4

I am trying to add a picture using:

\begin{figure}[!h!t]
    \centering
        \includegraphics[width=90mm]{Hollywood and Beverly Hills}
    \caption{Hollywood and Beverly Hills}
    \label{fig: h&bh}
\end{figure} 

but am getting the error:

! Argument of \@xfloat has an extra }.
<inserted text> 
                \par 
l.15 \begin{figure}[!h!t]

?

I want it so that the picture appears at the beginning of the document in a section that is not twocolumn, so I tried using two @columnfalse but I can't get it to work.

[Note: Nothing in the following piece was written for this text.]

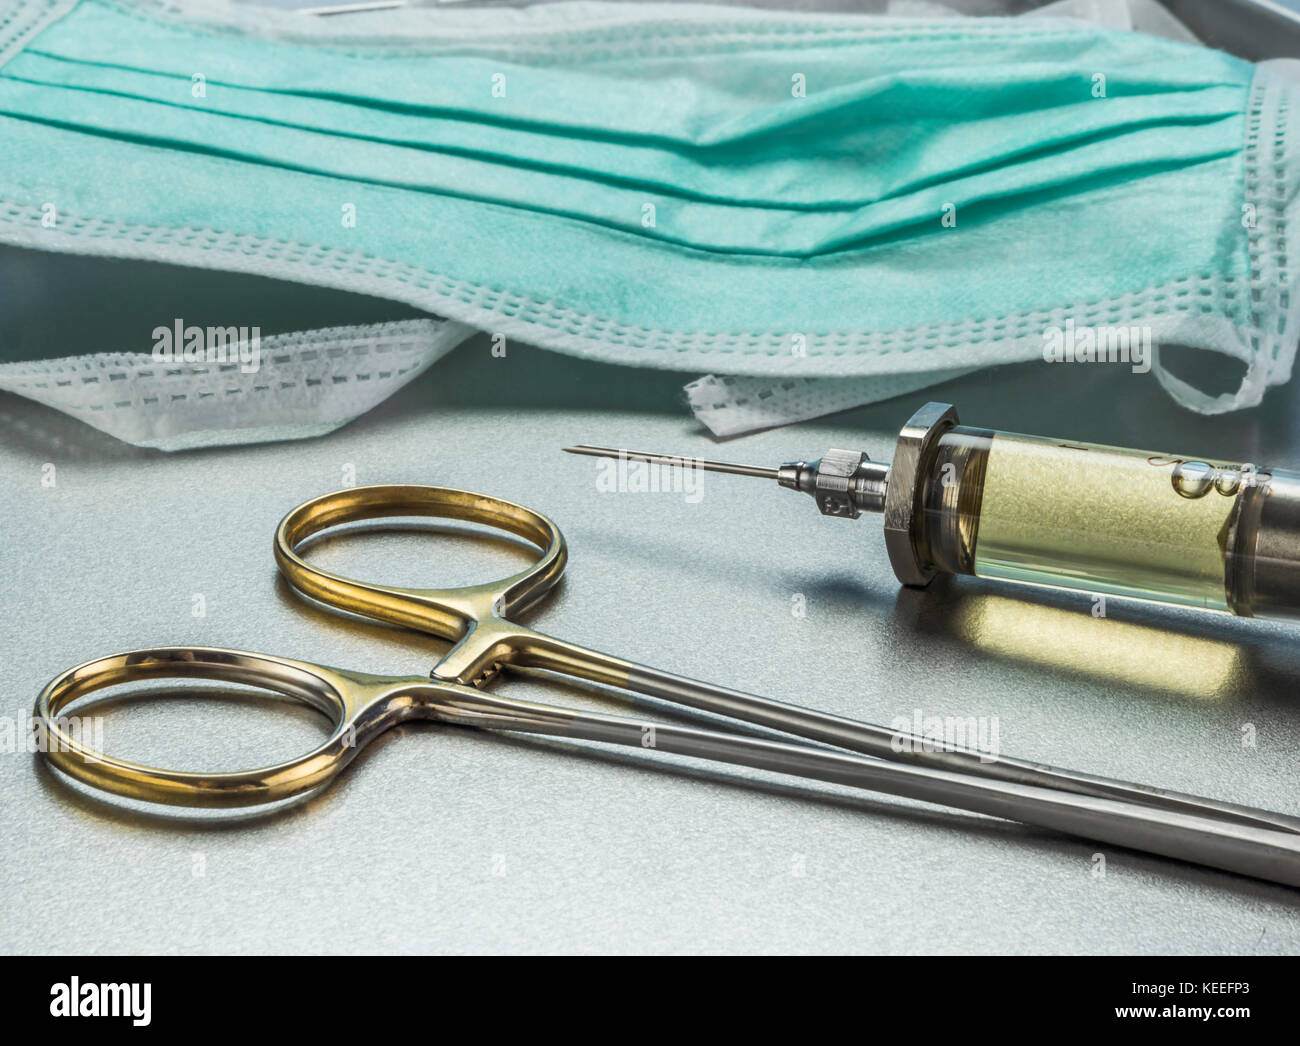 Instrumental chirurgische im Operationssaal, konzeptionelle Bild Stockfoto

Here is a minimal example of my document:

\documentclass[twocolumn,12pt]{article}
\usepackage{graphicx}
\usepackage{setspace}
\doublespacing

\begin{document}

\pagestyle{plain}
\twocolumn[
\begin{@twocolumnfalse}
\begin{center}
\section*{Neighborhoods}
\end{center}


\begin{figure}[!h!t]
    \centering
        \includegraphics[width=90mm]{neighborhoods}
    \caption{Hollywood and Beverly Hills}
    \label{fig: hbh}
\end{figure} 

\vspace{.25 in}
\end{@twocolumnfalse}]

\section*{Hollywood}

\section*{Beverly Hills}

\end{document}

Can someone help me fix this?

8
  • You will receive (useful) help faster, as a rule, if you provide a minimal example (or here)
    – jon
    Nov 19, 2013 at 19:05
  • 2
    If I put that fragment onto a document I get no error, please always provide a complete document that shows the problem. having two ! in the argument is an error really but the second is silently ignored, so that is not the problem. That particular error was quite common 20 years ago if code designed for latex209 was used with latex2e, but it is pretty rare these days, Nov 19, 2013 at 19:17
  • My guess is that you have spaces in the file name. Try renaming the image file. Nov 19, 2013 at 19:18
  • Another issue, might be the & in the label.. does not look right, & is a special character in LaTeX, should not be used in labels. Nov 19, 2013 at 19:19
  • 2
    @Paxinum neither of your comments can apply, as the error shows the position as \begin{figure} so TeX hasn't seen the graphic filename or label Nov 19, 2013 at 19:22

2 Answers 2

8

You can not have a floating environment inside the optional argument of \twocolumn also you need to hide inner [] from any LaTeX optional argument by using a brace group. [{... [...]...}]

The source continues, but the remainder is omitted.